--- Task input ---
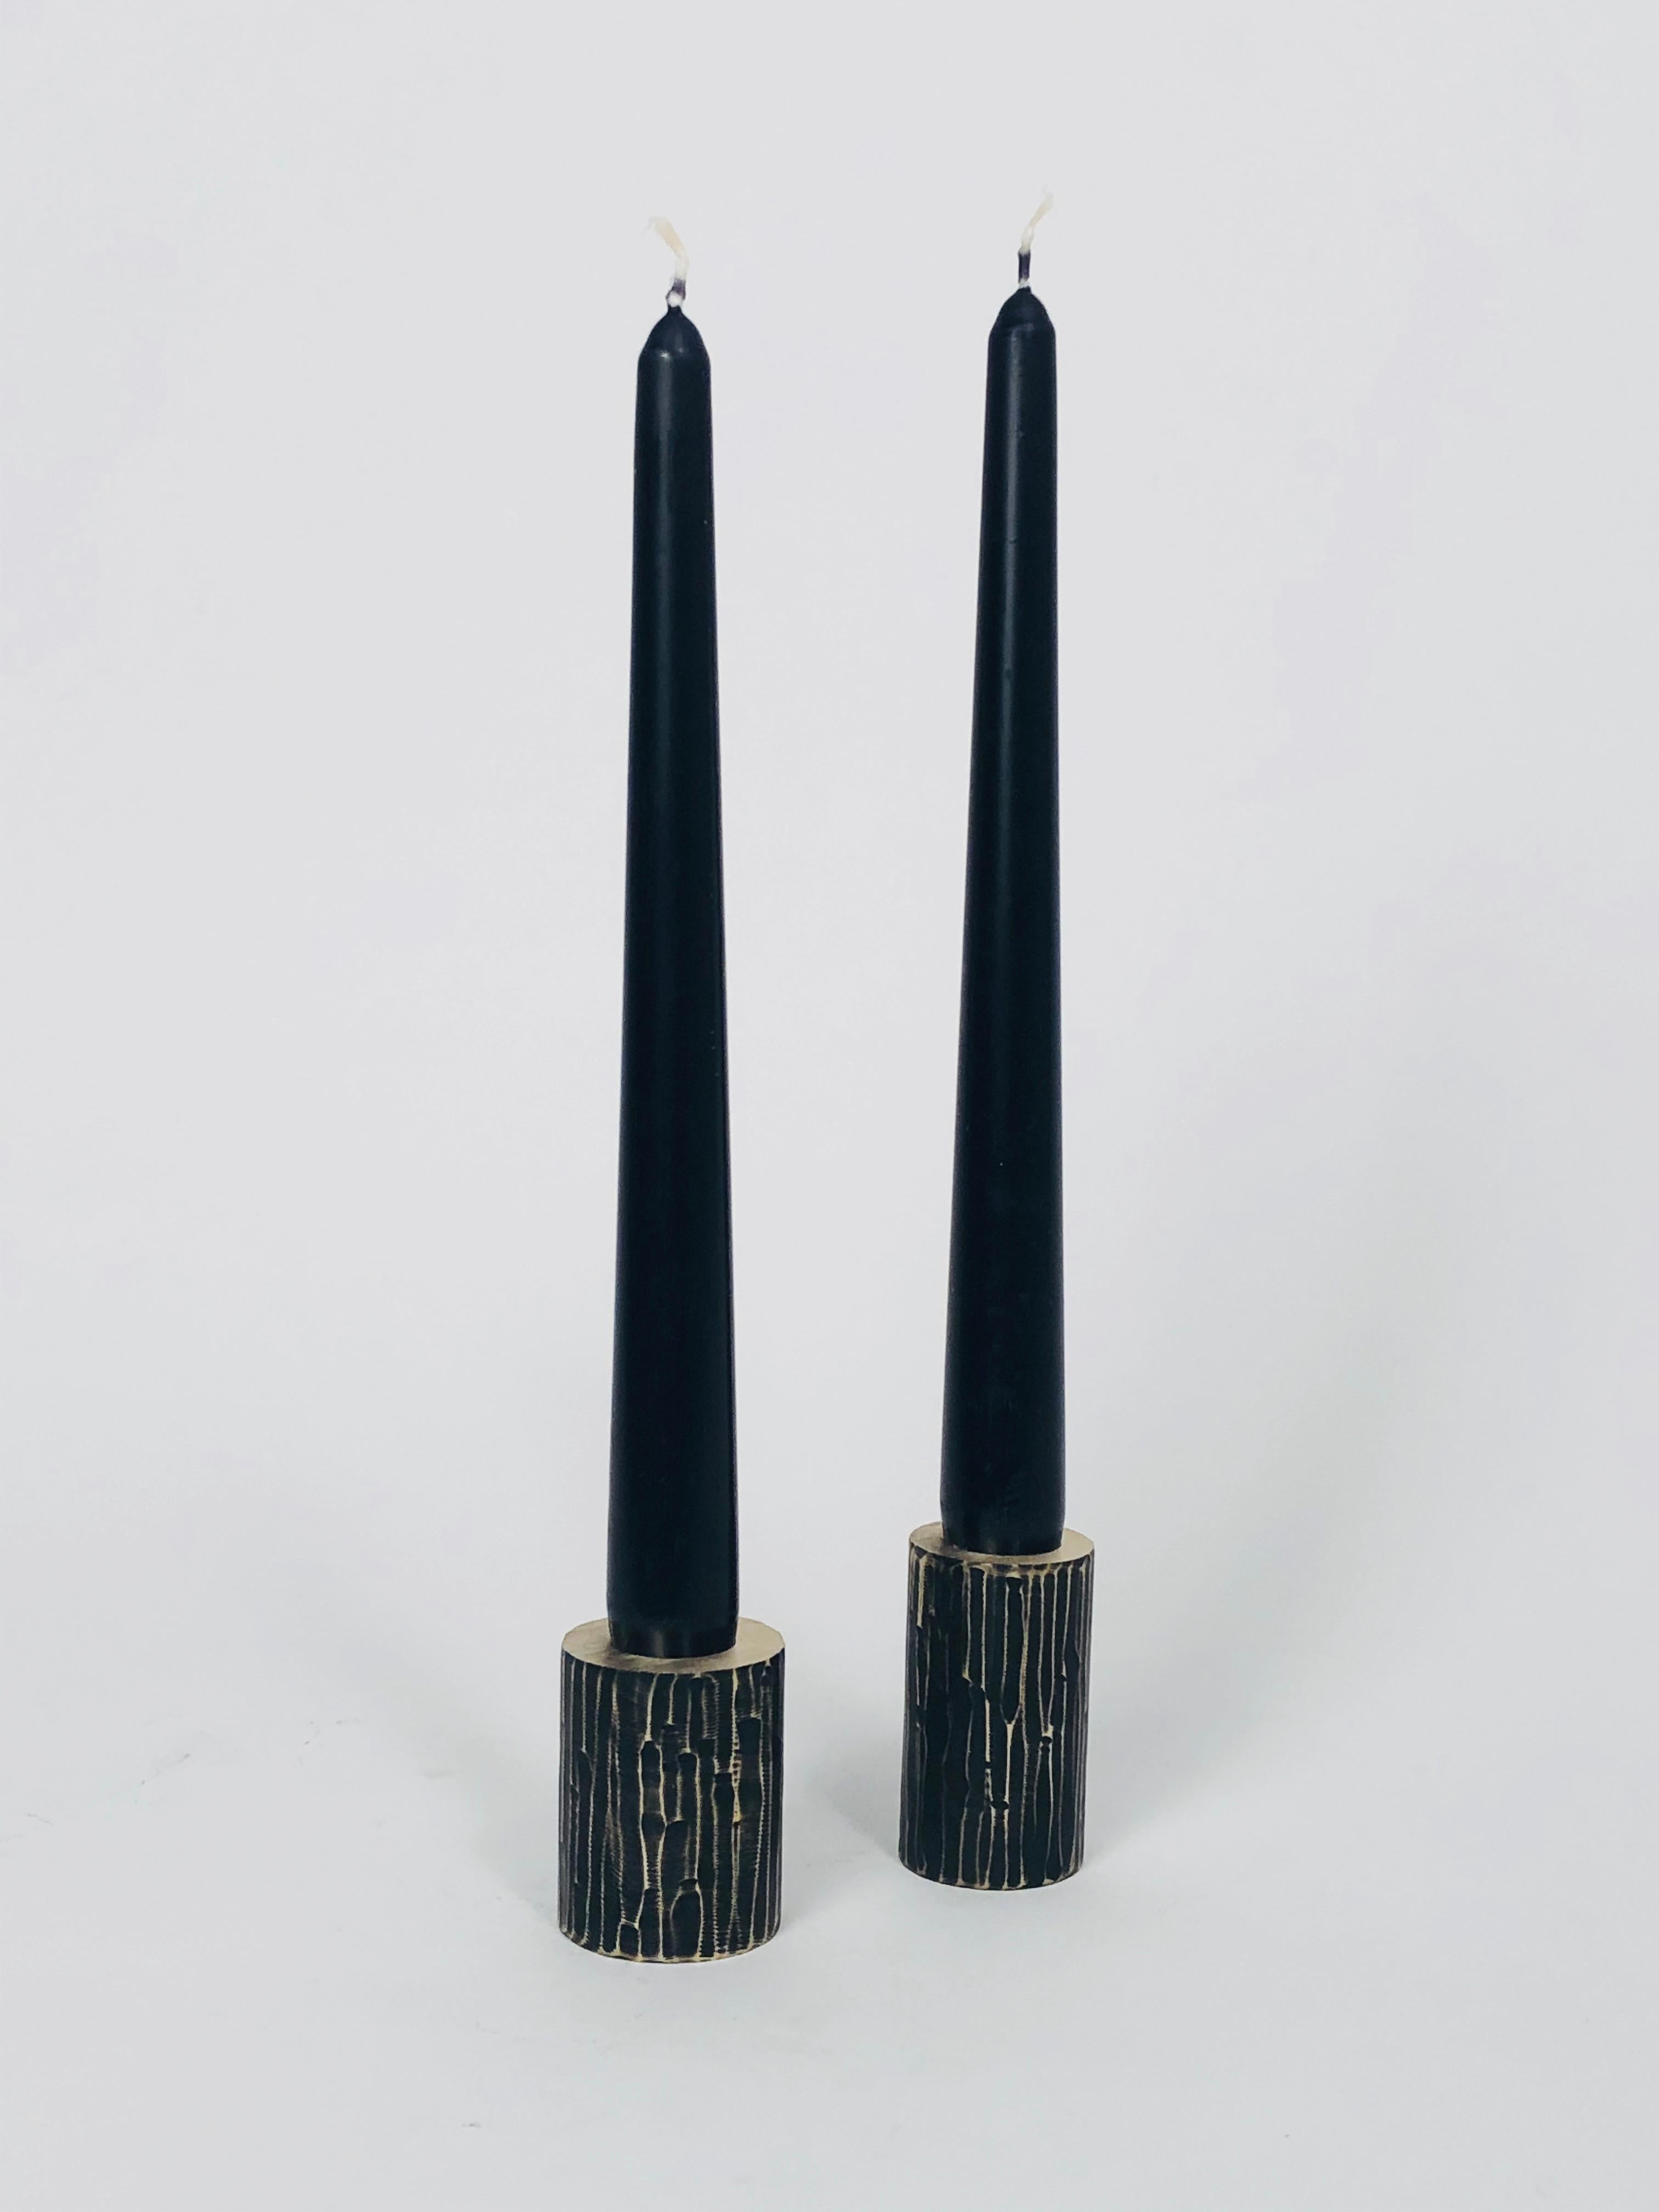 Set of 2 solid brass sculpted candleholders by William Guillon 
Each is signed William Guillon
Dimensions: Diameter 4 x height 5 cm
 Diameter 3.5 x height 6 cm
Materials: Solid brass raw finish or patinated black, with polished edge
Hand-sculpted in
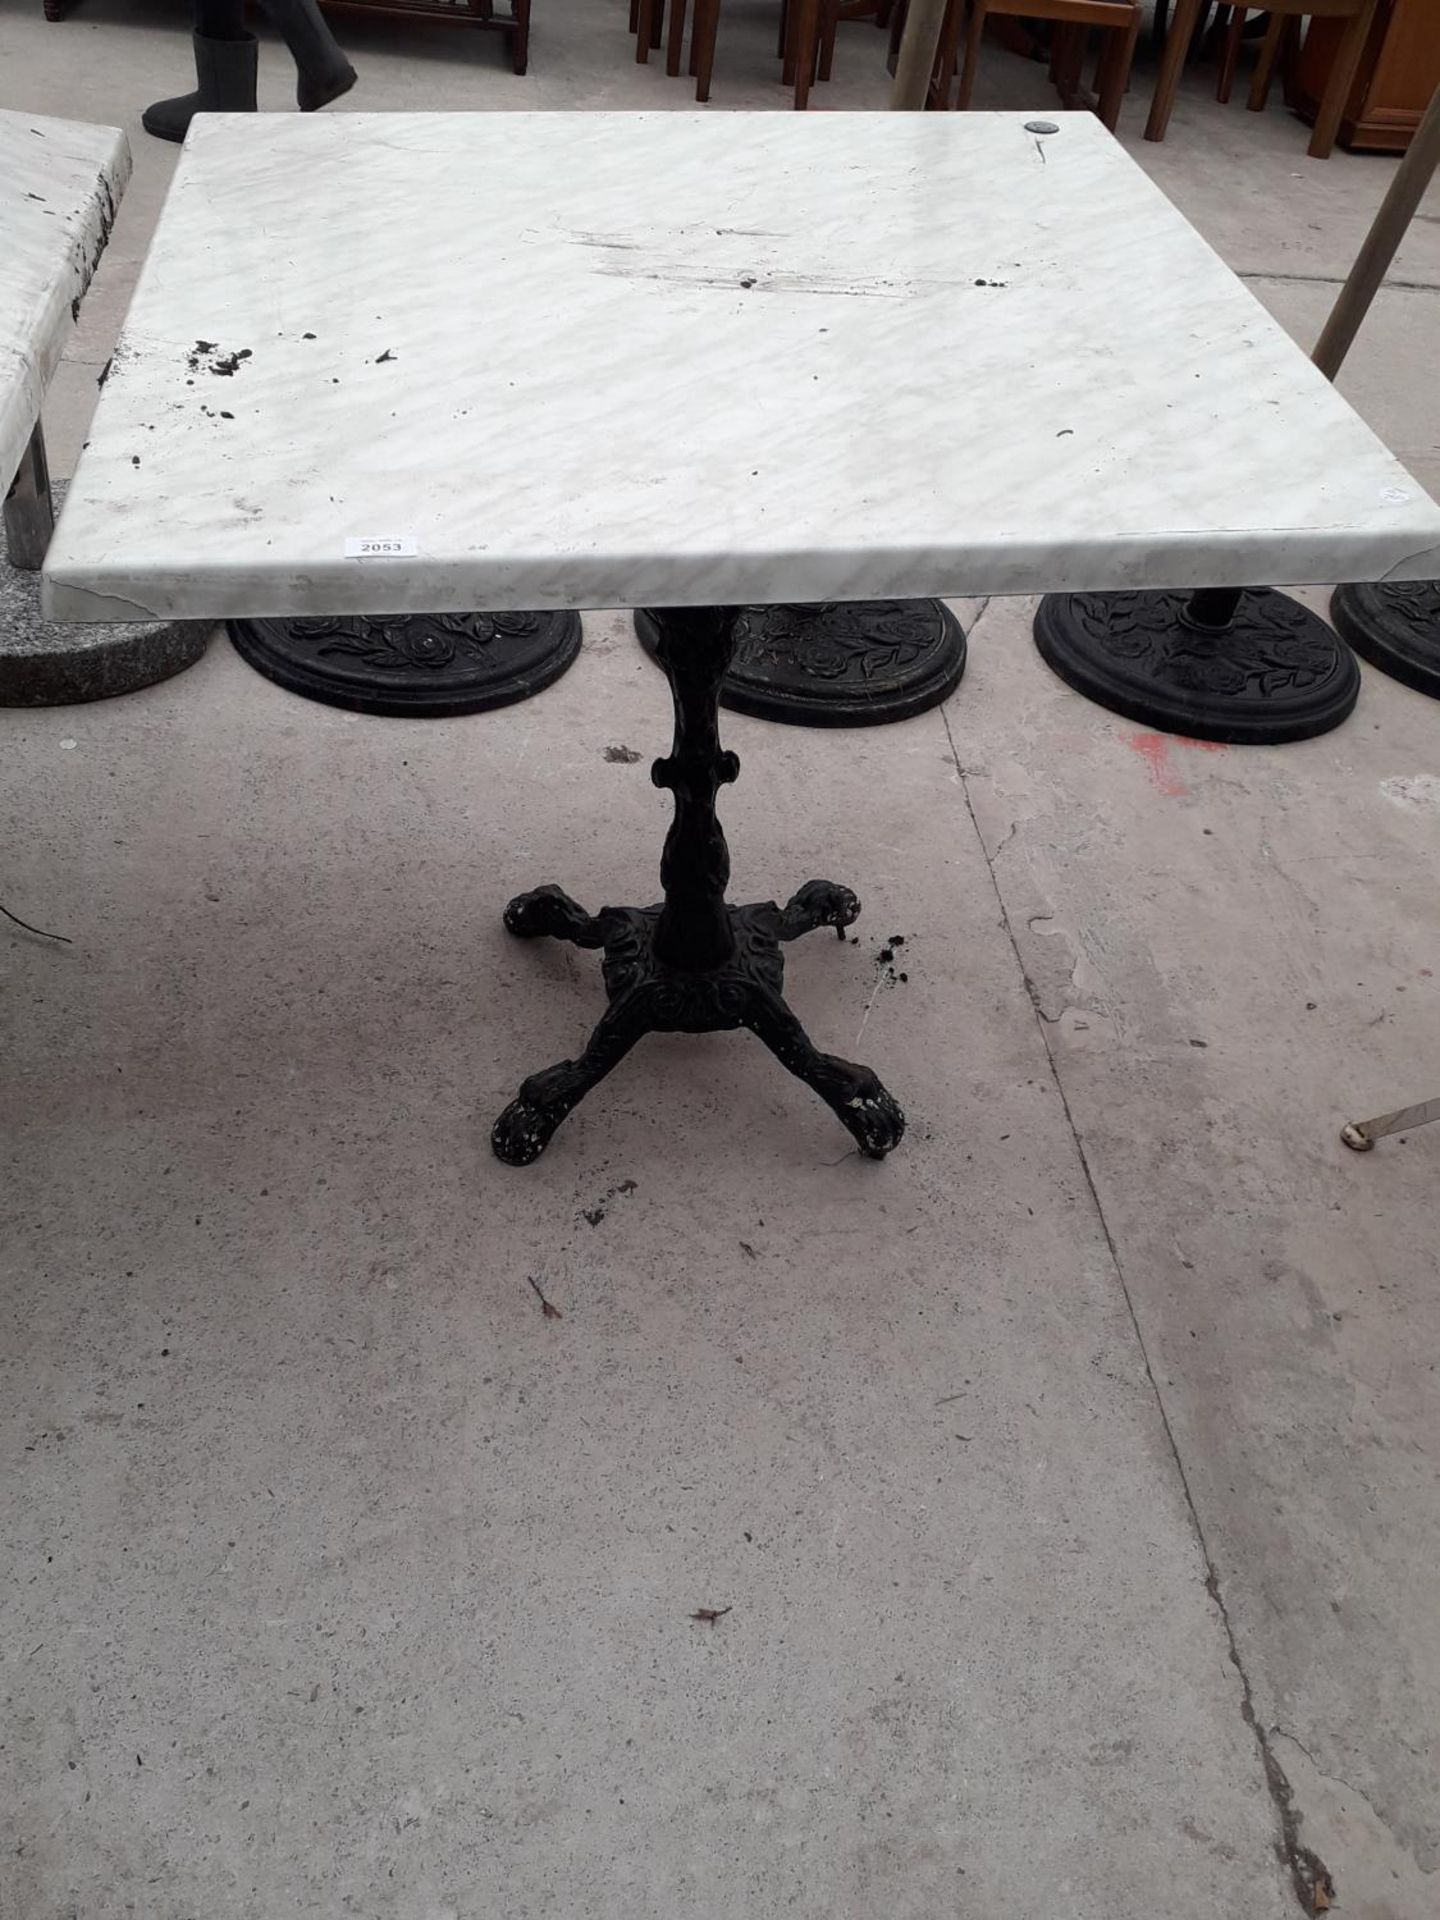 A PUB TABLE WITH WOODEN TOP AND CAST IRON TABLE BASE (79CM x 79CM)
---
• _Task instructions_: From the first line of the records through the line containing "Hand-sculpted in", please output exactly those lines and nothing more, leaving out the pictures.

• _Written reply_:
 Set of 2 solid brass sculpted candleholders by William Guillon 
Each is signed William Guillon
Dimensions: Diameter 4 x height 5 cm
 Diameter 3.5 x height 6 cm
Materials: Solid brass raw finish or patinated black, with polished edge
Hand-sculpted in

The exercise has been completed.